Mead has written six books, coauthored three books, and edited or co-edited two others, all on poverty and/or government welfare policies. Government Matters, his study of welfare reform in Wisconsin, was a co-winner of the 2005 Louis Brownlow Book Award, given by the National Academy of Public Administration. Mead has published dozens of articles on poverty, welfare, program implementation, and related subjects in scholarly journals, such as the Journal of Policy Analysis and Management, Public Administration Review, The Public Interest and the Annals of the American Academy of Political and Social Science. His book reviews and commentaries have appeared in The New York Times, The Washington Post, and other outlets.

===Theories on welfare and poverty ===
Mead believes that welfare should be means-tested, so as to encourage behaviors among aid recipients to alleviate their poverty. According to Mead, extreme poverty is more commonly found in minority groups not because of a lack of work ethic. Rather, he argues that their belief in work unfortunately does not sufficiently bind their actions. This assessment is identical to JD Vance's assessment of poor, white Appalachians in his book Hillbilly Elegy. Hence, Mead argues "[t]he ideal in welfare... is to link benefits as tightly as possible to work. That requires a clear work test that employable recipients must meet as soon as they apply for aid, not sometime later. Equally important, there must be ample benefits to support working, particularly child and health care."

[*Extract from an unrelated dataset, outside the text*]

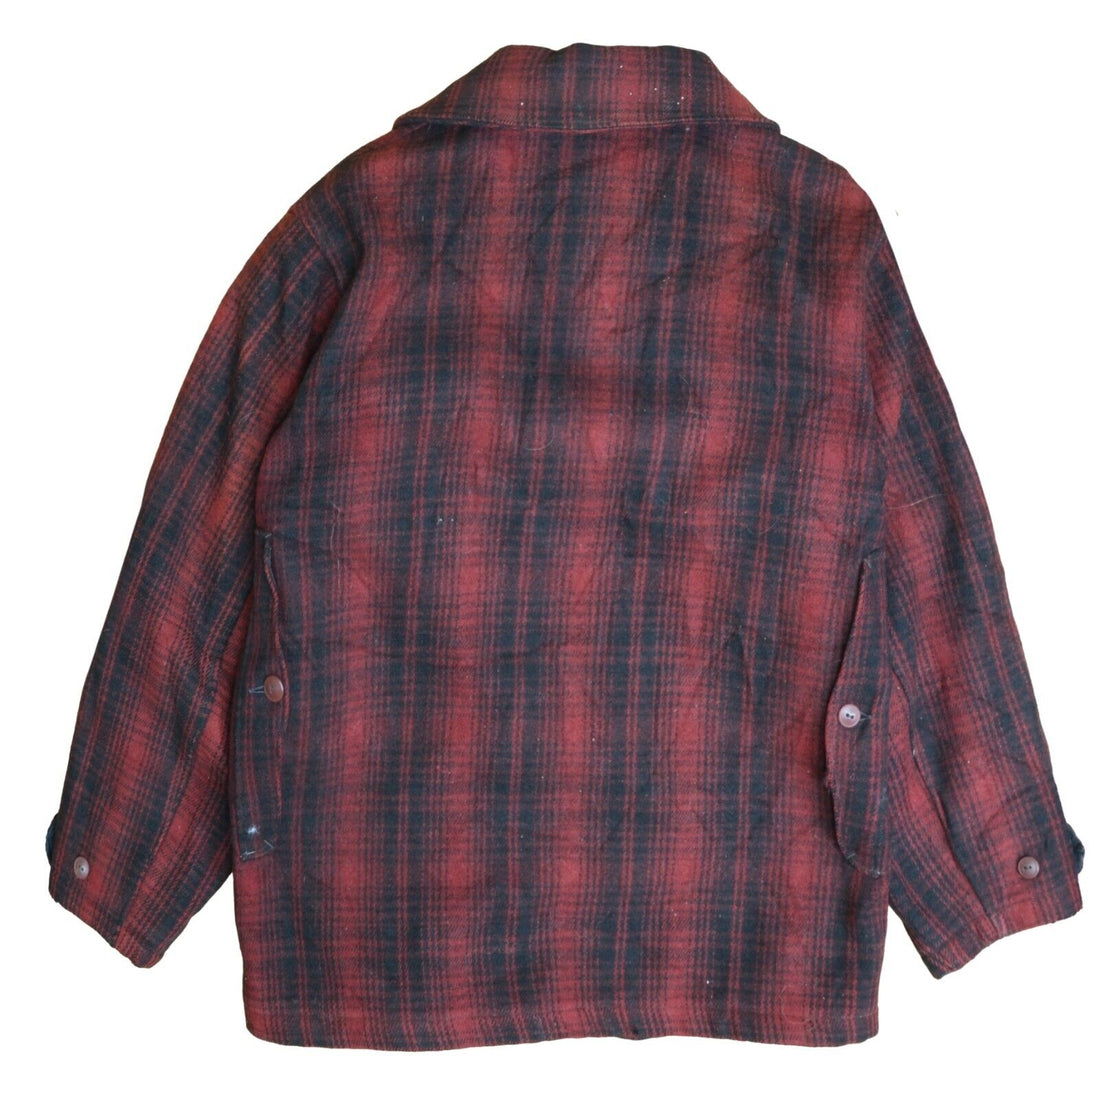 Vintage Woolrich Mackinaw Hunting Wool Coat Jacket Size Large Red Plaid 30s 40s

On July 21, 2020, Mead published a commentary in the journal Society titled "Poverty and Culture" based on ideas from his 2019 book Burdens of Freedom but also found in his 1983 book, Beyond Entitlement. In the paper, he wrote that extreme poverty is found amongst Black and Hispanic people in the United States more often than white people because they "typically respond only weakly to chances to get ahead through education and work" due to cultural differences in adapting to the United States' "individualist culture", a culture he posits derives from Europe. He repeated his hypothesis that while impoverished minorities do value work, their values do not sufficiently guide their actions. The paper drew widespread outrage from the academic community for allegedly perpetuating racist, xenophobic and classist stereotypes, and multiple petitions circulated requesting a retraction. NYU issued a statement expressing its rejection of "false, prejudicial, and stigmatizing assertions about the culture of communities of color in the United States" in his paper. The journal publisher launched an investigation, and on July 31 the editor-in-chief retracted the paper and apologized for publishing it.

== Books ==
- Books authored
- Mead, Lawrence M. (1986). "Beyond Entitlement: The Social Obligations of Citizenship"
- Mead, Lawrence M. (1993). "The New Politics of Poverty: The Nonworking Poor in America"
- Mead, Lawrence M. (2004). "Government Matters: Welfare Reform in Wisconsin"
- Mead, Lawrence M. (2011). From Prophecy to Charity: How to Help the Poor. Washington, DC: AEI Press. ISBN 978-0844743806.
- Mead, Lawrence M. (2011). Expanding Work Programs for Poor Men. Washington, DC: AEI Press. ISBN 978-0844743974.
- Mead, Lawrence M. (2019). "Burdens of Freedom"

- Books co-authored
- Bane, Mary Jo (2003). "Lifting Up the Poor: A Dialogue on Religion, Poverty & Welfare Reform"

- Edited
- Mead, Lawrence M. (1997). "From Welfare to Work: Lessons from America"
- Mead, Lawrence M. (1997). "The New Paternalism: Supervisory Approaches to Poverty"
- Mead, Lawrence M. (2007). "Welfare Reform and Political Theory"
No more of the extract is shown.